Wolinsky F D, Fitzgerald J F, Stump T E
Indiana University School of Medicine, Indianapolis, USA.
Am J Public Health. 1997 Mar;87(3):398-403. doi: 10.2105/ajph.87.3.398.
The purpose of this study was to prospectively assess the independent effect of hip fracture on mortalìty, hospitalization, and functional status.
Among 7527 members of the Longitudinal Study of Aging who were over age 70 at baseline, 368 persons with hip fracture occurring between 1984 and 1991 were identified. Median length of follow-up was 831 days.

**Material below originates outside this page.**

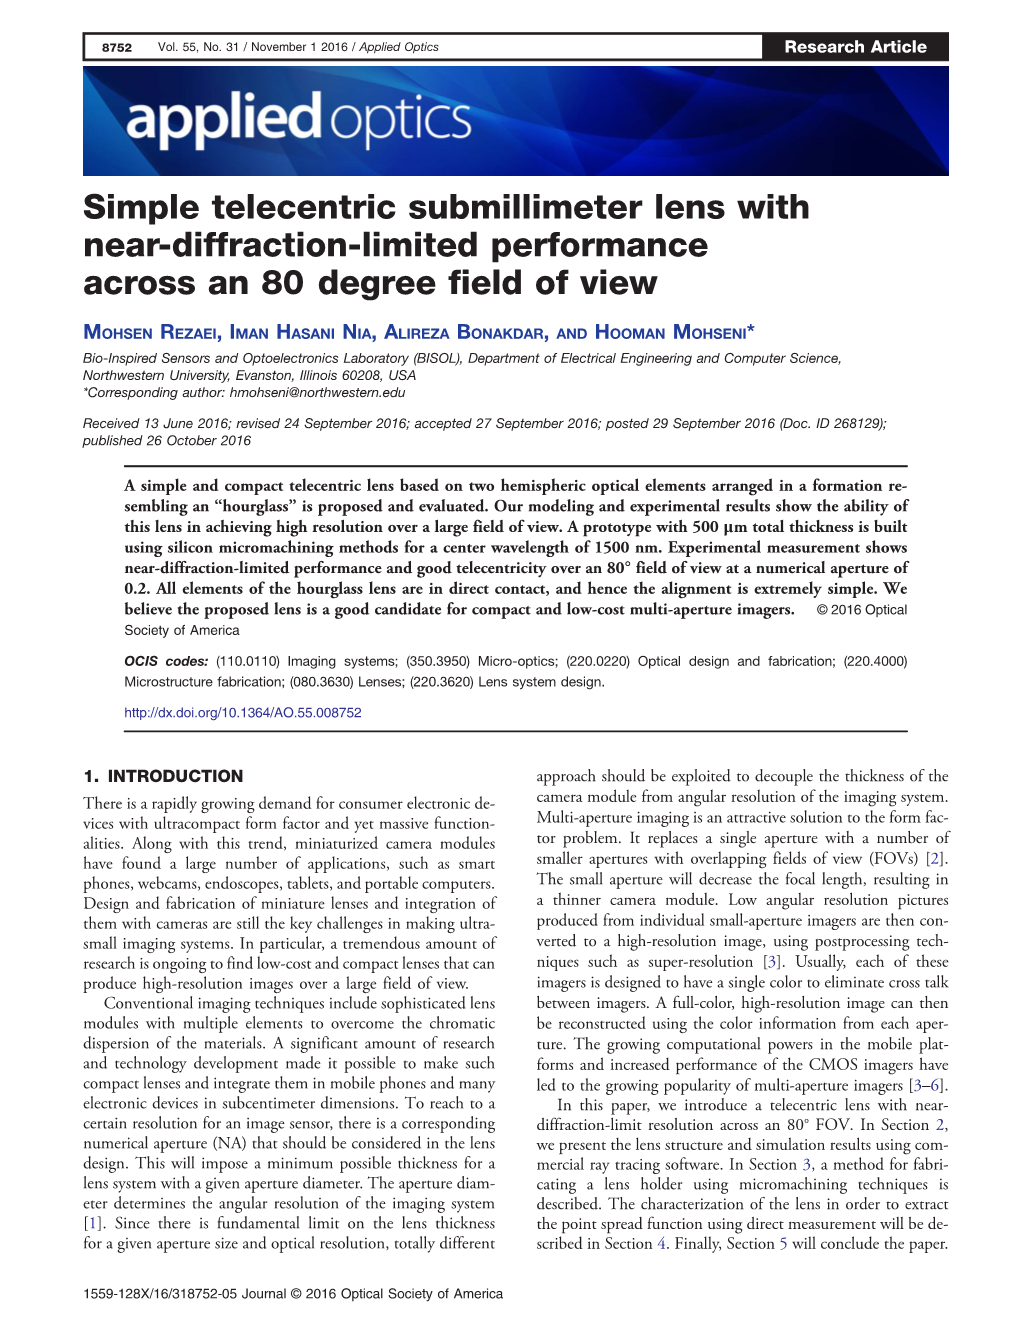 Simple Telecentric Submillimeter Lens with Near-Diffraction-Limited Performance Across an 80 Degree Field of View
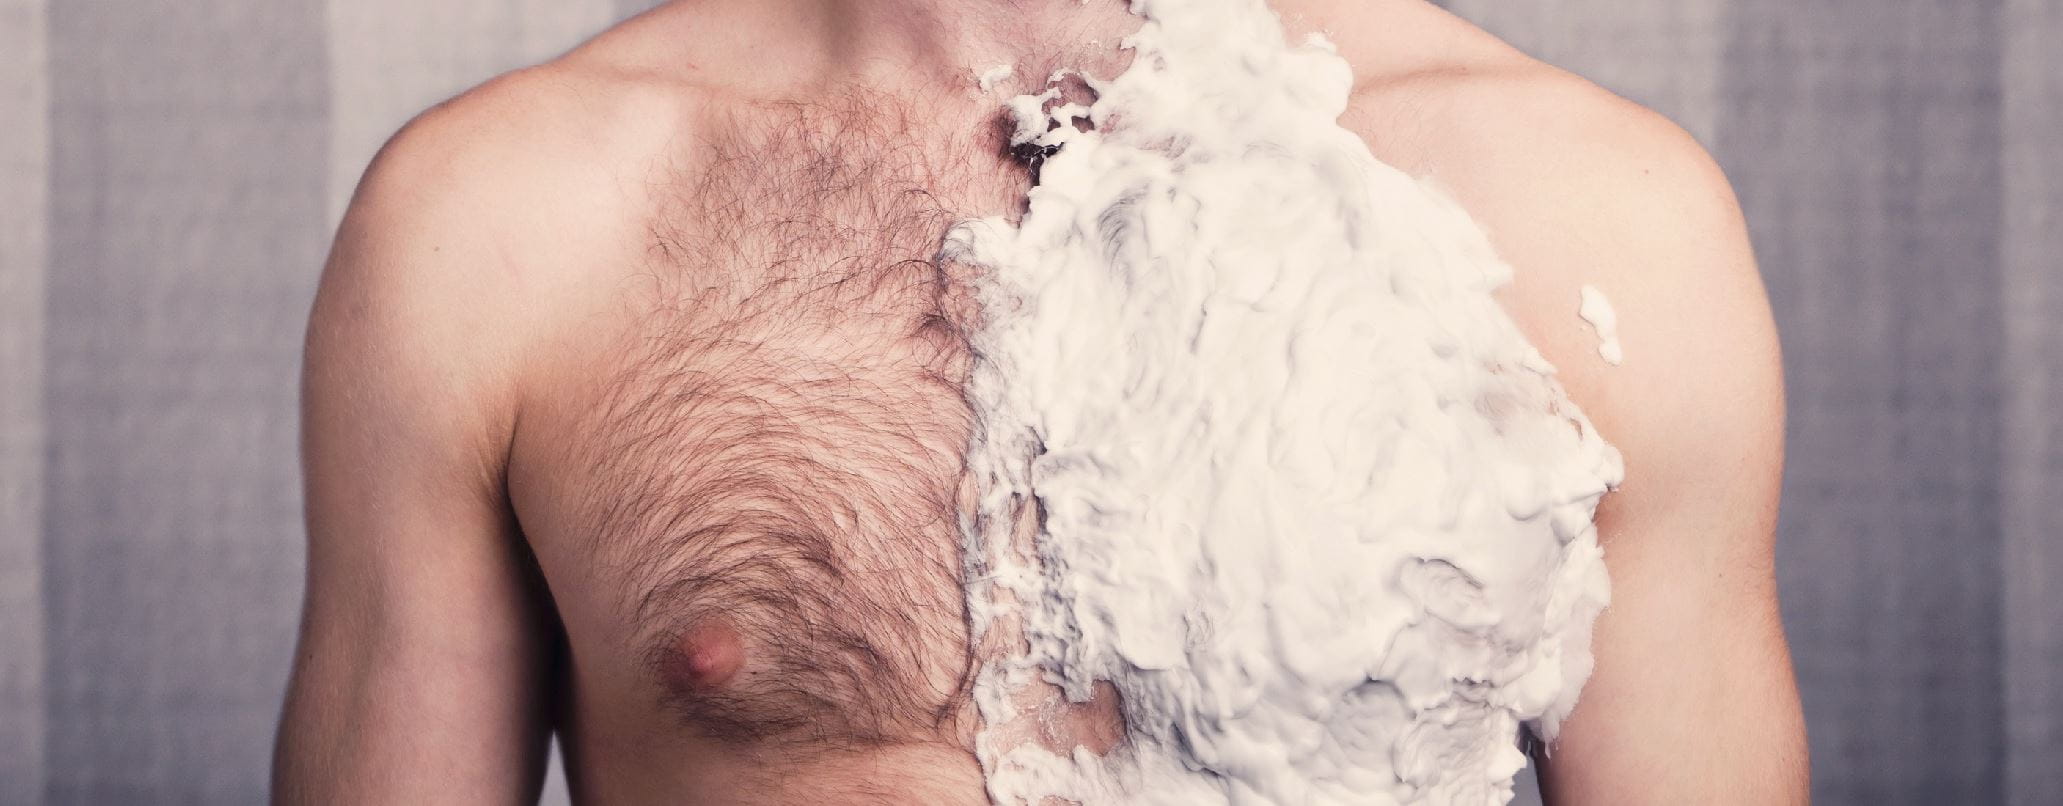 How To Shave Chest Hair, Shaving

Hip fracture was significantly related to mortality (adjusted hazards ratio [AHR] = 1.83; 95% confidence interval [CI] = 1.55, 2.16) when treated as a time-dependent covariate. This effect was concentrated in the first 6 months postfracture (AHR = 38.93, 95% CI = 29.58, 51.23, vs AHR = 1.17; 95% CI = 0.95, 1.44). Hip fracture significantly increased the likelihood of subsequent hospitalization (adjusted odds ratio = 3.31, 95% CI = 2.64, 4.15) and increased the number of subsequent episodes by 9.4%, the number of hospital days by 21.3%, and total charges by 16.3%. Hip fracture also increased the number of functional status dependencies.
The health of older adults deteriorates after hip fracture, and efforts to reduce the incidence of hip fracture could lower subsequent mortality, morbidity, and health services use.
本研究的目的是前瞻性评估髋部骨折对死亡率、住院情况和功能状态的独立影响。
在纵向衰老研究的7527名基线年龄超过70岁的成员中,确定了1984年至1991年间发生髋部骨折的368人。中位随访时间为831天。
当将髋部骨折作为时间依赖性协变量处理时,其与死亡率显著相关(调整后风险比[AHR]=1.83;95%置信区间[CI]=1.55,2.16)。这种影响集中在骨折后的前6个月(AHR=38.93,95%CI=29.58,51.23,对比AHR=1.17;95%CI=0.95,1.44)。髋部骨折显著增加了随后住院的可能性(调整后优势比=3.31,95%CI=2.64,4.15),并使随后的发作次数增加了9.4%,住院天数增加了21.3%,总费用增加了16.3%。髋部骨折还增加了功能状态依赖的数量。
髋部骨折后老年人的健康状况恶化,降低髋部骨折发生率的努力可以降低随后的死亡率、发病率和医疗服务使用。